Heroes and role models are part of the glue which holds civilizations together. The ancient Greeks had their Odysseus and other warriors whose exploits, in the works of Homer, provided for centuries the moral code Greeks used to educate and socialize their children. The ancient Romans had their Aeneas and also their Romulus and Remus.

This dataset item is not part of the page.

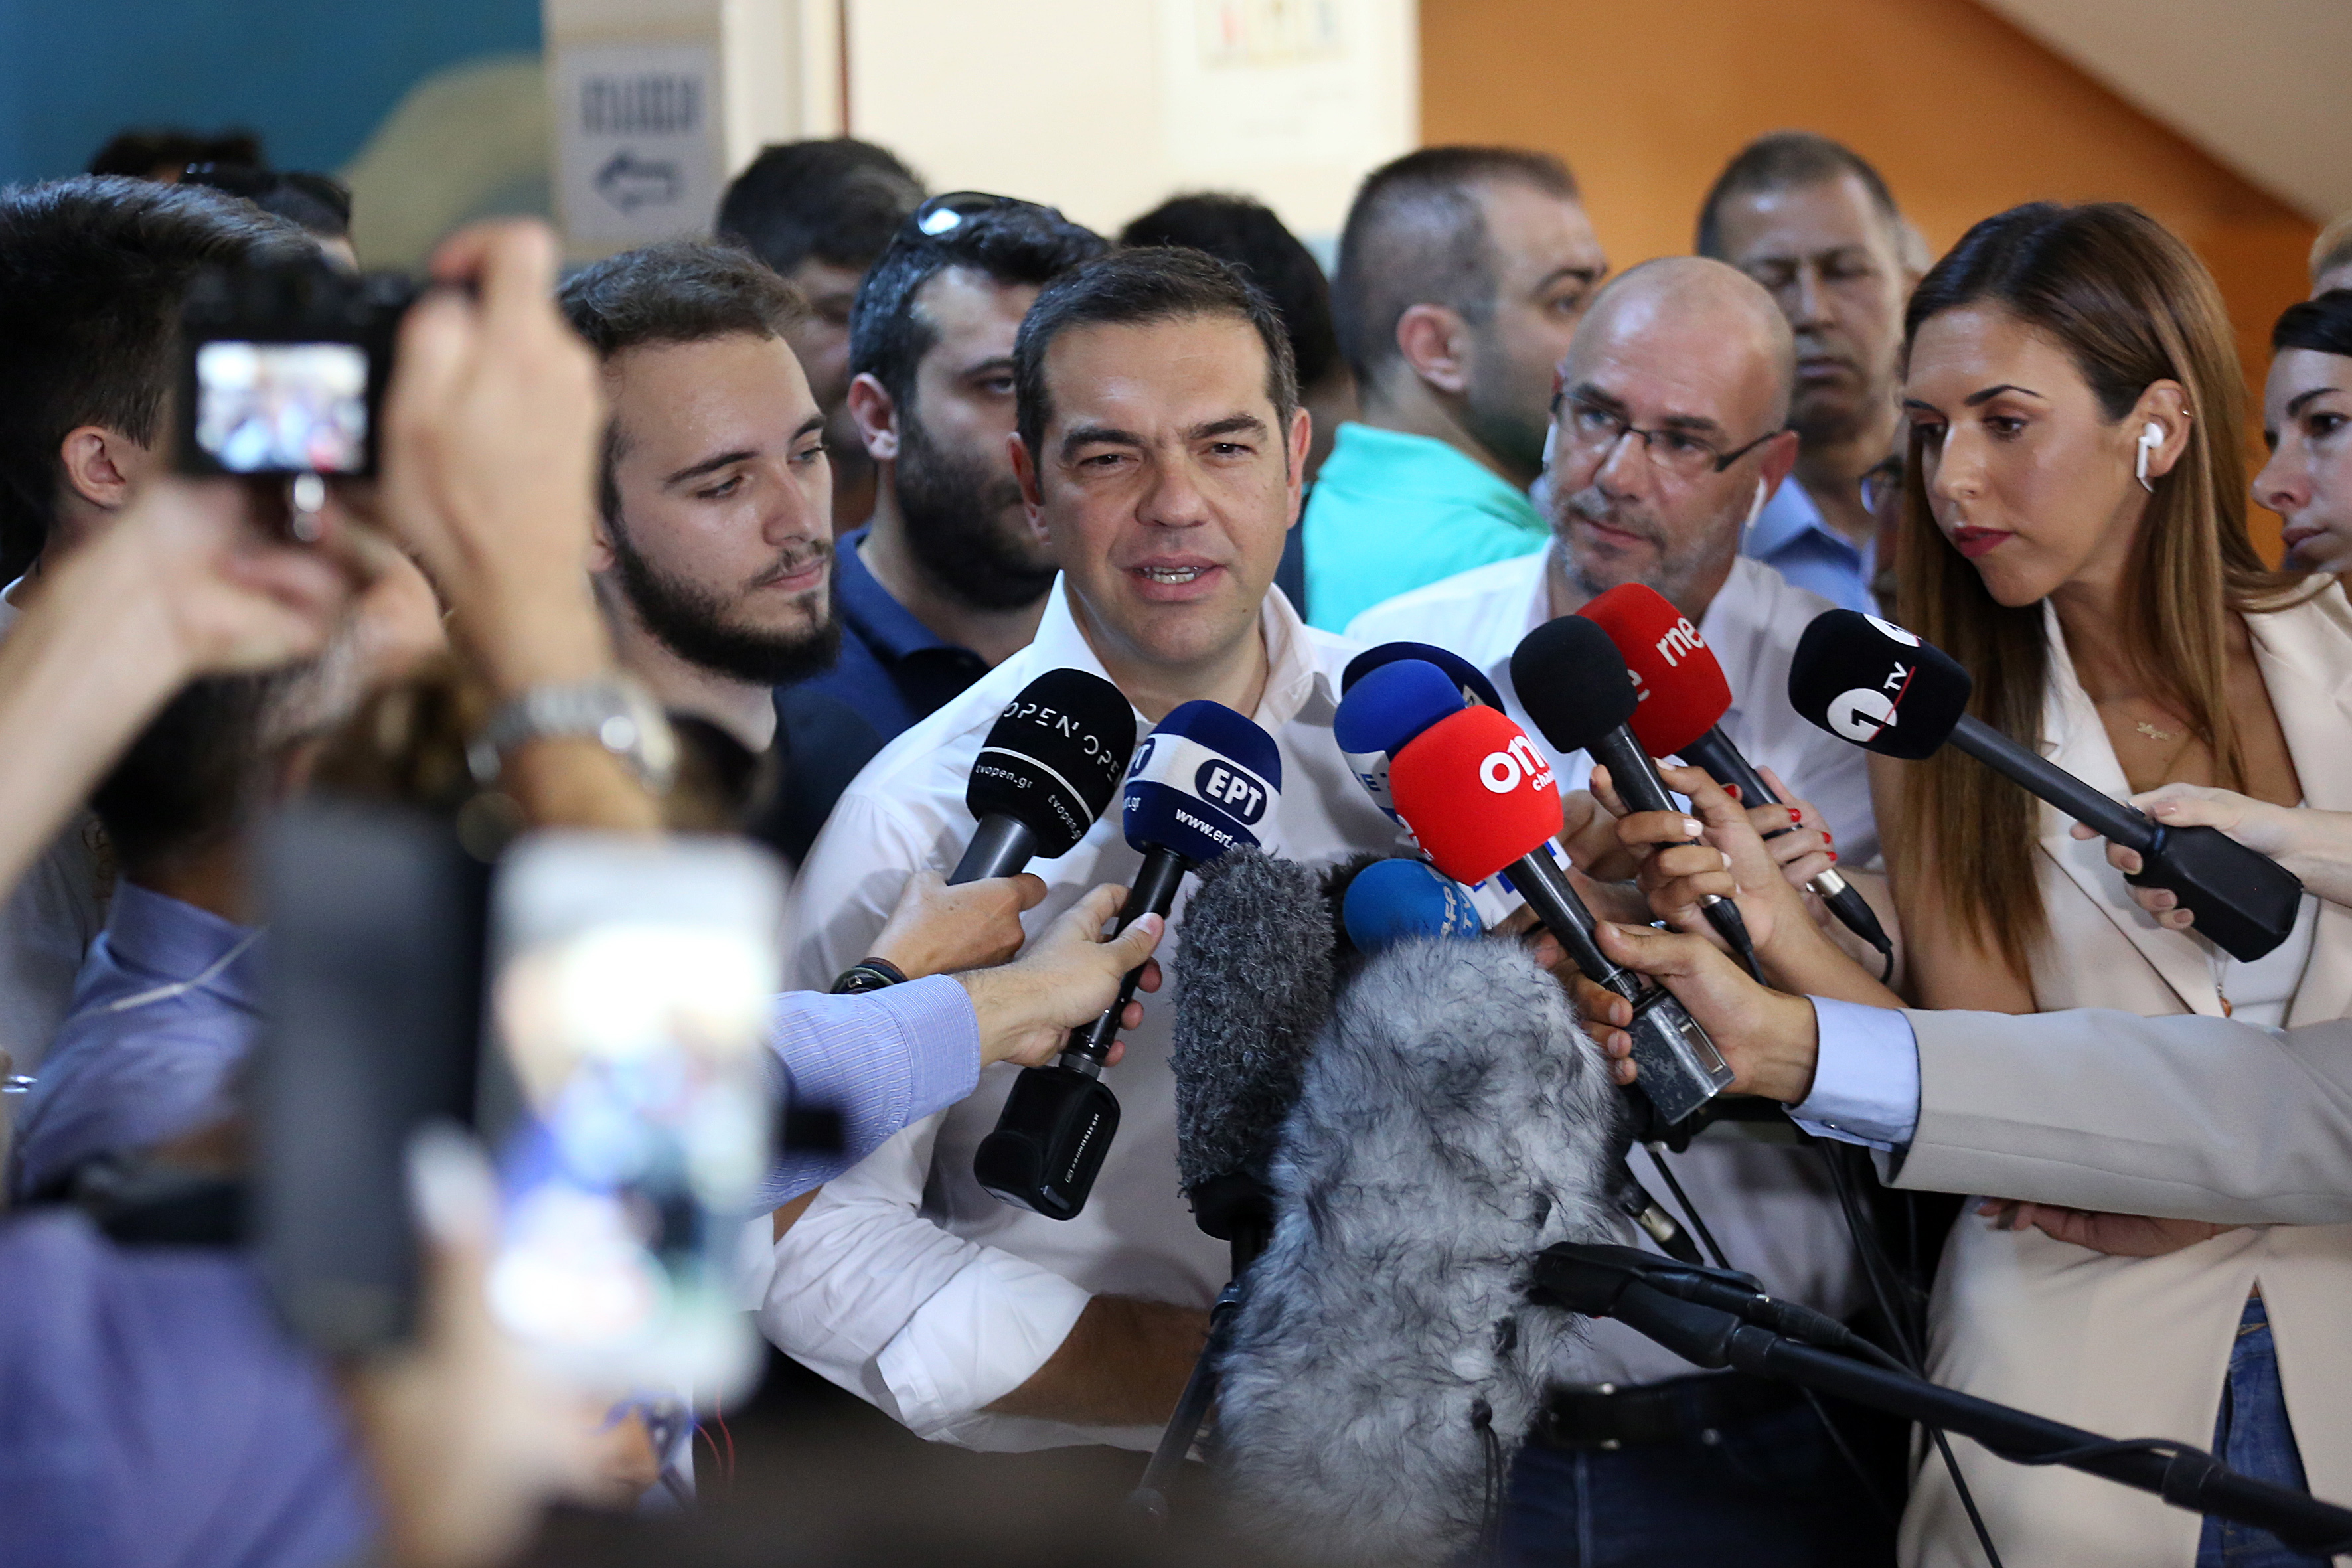 Waarnemers schrijven de nederlaag van de linkse premier Alexis Tsipras en zijn Syriza-partij toe aan de strenge bezuinigingsmaatregelen van de afgelopen jaren

We must use caution in chiseling away too many of our heroes if we are to endure as a vibrant civilization. Granted we still have other sources of shared identity: our remarkable, oft-plagiarized Constitution, American Jazz, baseball, our vibrant entertainment culture, and our ethos of freedom and democracy as sources of American identity. However, fiddling too much with these well-springs, especially our heroes, can prove perilous. Are we to dethrone Thomas Jefferson, the principal writer of our Declaration of Independence, not only for owning slaves but probably siring six children with one of those slaves, Sally Hemings? Are we to dethrone Franklin Delano Roosevelt for his adulterous affairs? And what of Martin Luther King, the only person for whom we have dedicated a national holiday? Should his courageous deeds be ripped from our history books because of his infidelity to his wife? Like Christopher Columbus, these men—along with even George Washington and Abraham Lincoln—had what could be viewed as character flaws. This does not deny their heroism; rather, it confirms their humanness.

We should keep Columbus on his pedestal and teach our children, in increments, both his virtues—his courage, tenacity, leadership, and vision –and his foibles. However, let’s be sure to continue to name our streets, towns, counties, lakes, community colleges, and parks after native Americans. (I myself was born in Passaic, NJ; my first car was a Pontiac.) Along with statues of Columbus, let’s also erect statues of Squanto, Massasoit, and Geronimo, and tell our children about their virtues … and shortcomings.